Machine learning algorithm platform and scene based on Flink

Anomaly set detection is one of the core demands of risk control scenarios. Alink anomaly set detection has the following advantages:

  • Mega graph support – support graph data with hundreds of millions of edges
  • Online update – local anomaly detection can be done at any time with abnormal seeds
  • Fast operation – only the local graph is operated to save computing resources

In the risk areas of embezzlement, fraud, cheating, merchants, loan arbitrage and other risk areas, there is a need for anomaly set detection. The detection of detection is based on the detection of radyk. The algorithm can analyze the whole picture by inputting the connection relationship and the known black spots, capture other black users, reduce the risk in the process of business operation, escort the business security, and avoid possible major losses.

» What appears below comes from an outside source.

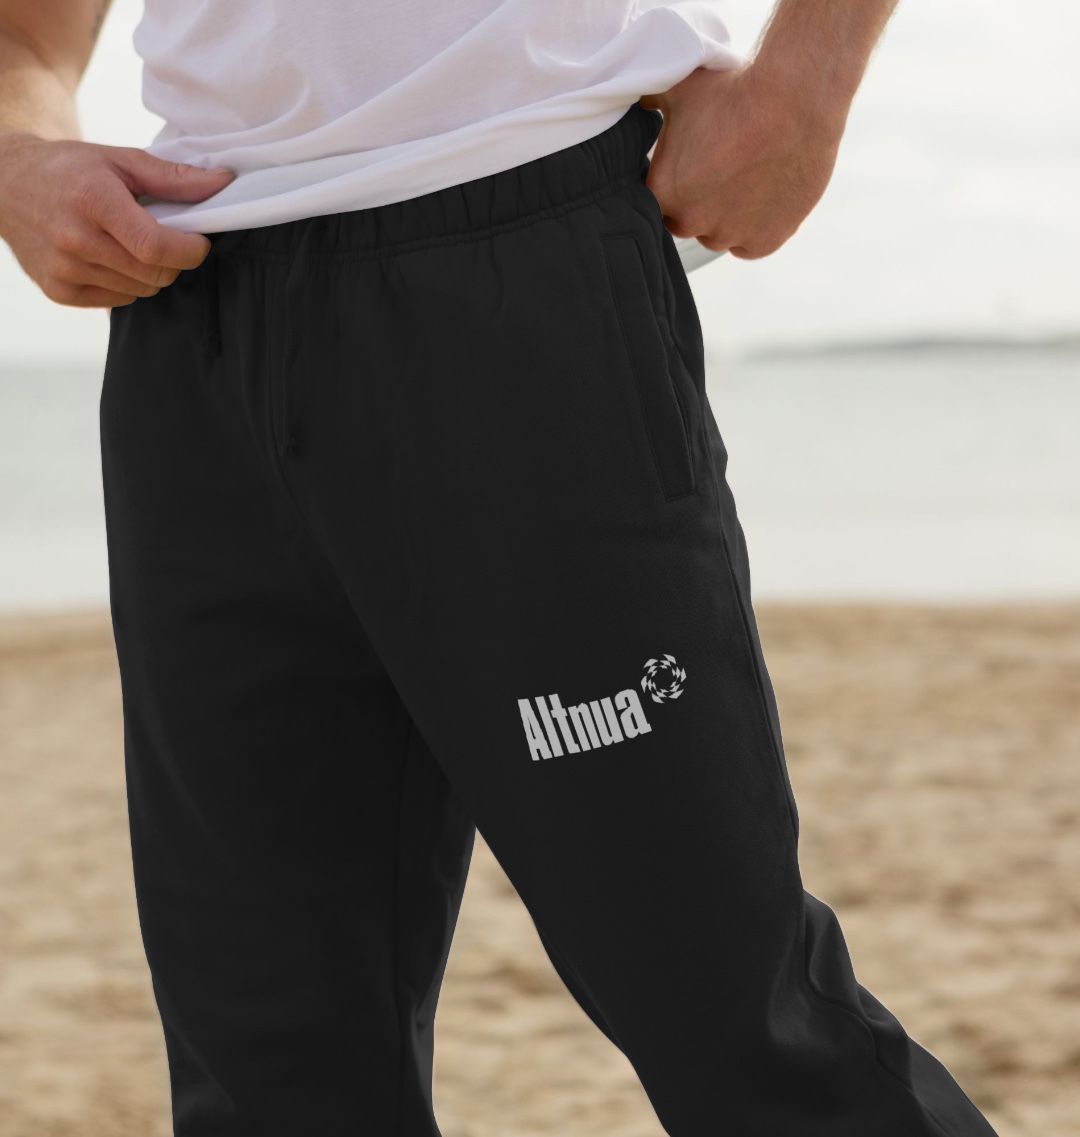 Altnua - 100% organic cotton joggers (black)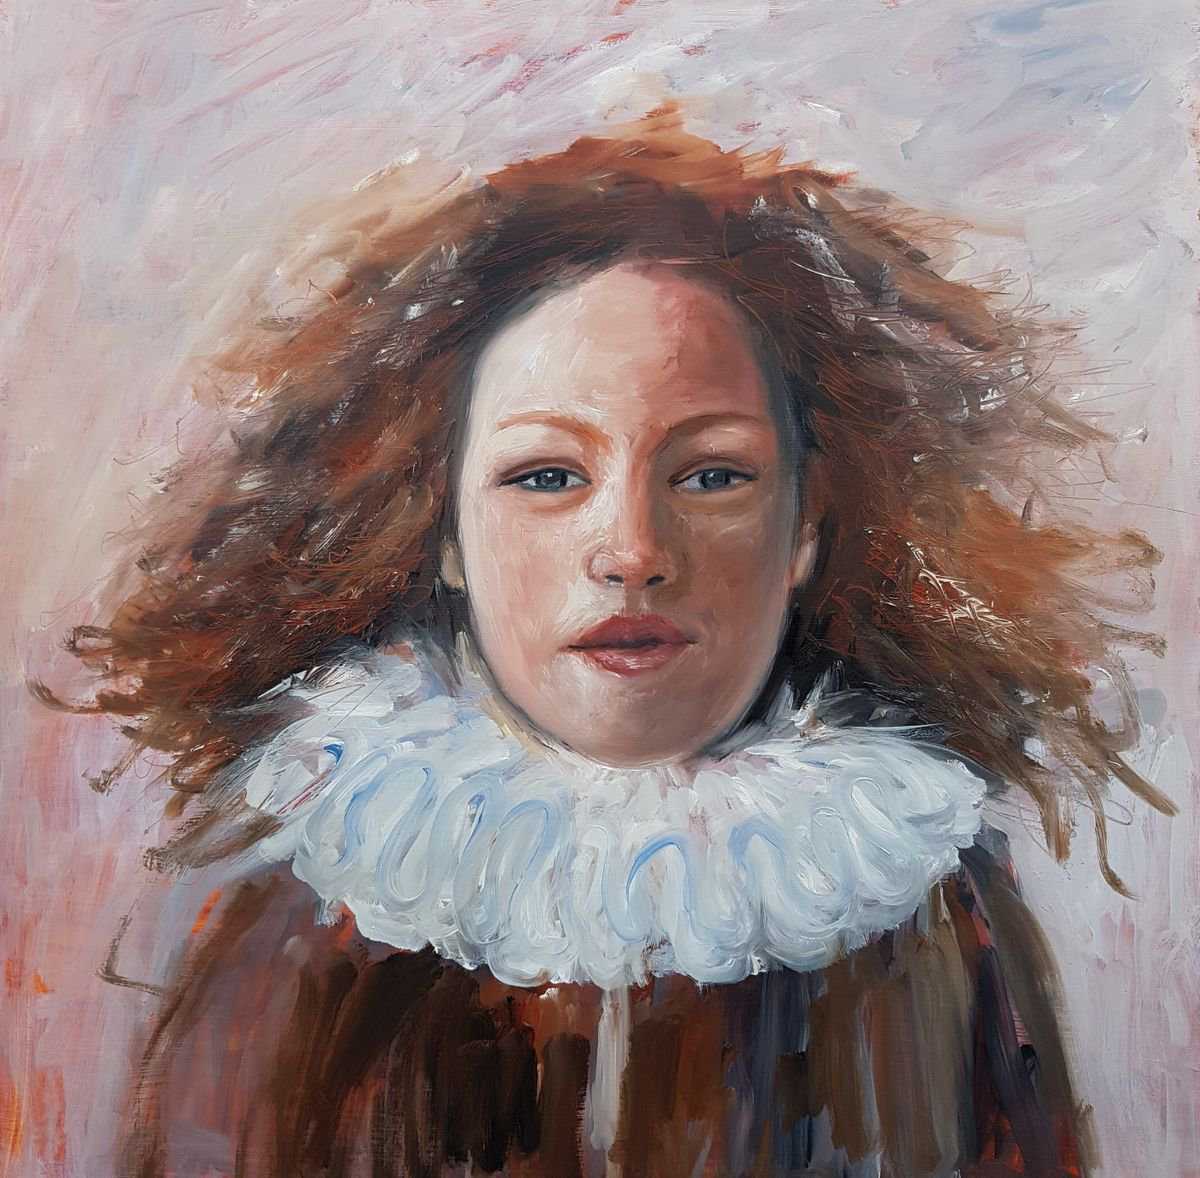 daughter of Rembrandt by Els Driesen

Machine learning algorithm platform and scene based on Flink

4. Postscript

Through the above introduction, you must be eager to have a try on the alicloud real-time computing Flink and Pai product portfolio. You can quickly open full hosted real-time computing Flink and experience the latest serverless product service. Real time calculation of Flink touch through train: https://www.aliyun.com/product/bigdata/sc

Machine learning algorithm platform and scene based on Flink

By opening alicloud e-mapreduce dataflow cluster, we can quickly build a pai alink algorithm platform based on alicloud real-time computing Flink. Pai alink through train: https://www.aliyun.com/product/emapreduce

Machine learning algorithm platform and scene based on Flink

Link to original text
This article is the original content of Alibaba cloud and can not be reproduced without permission.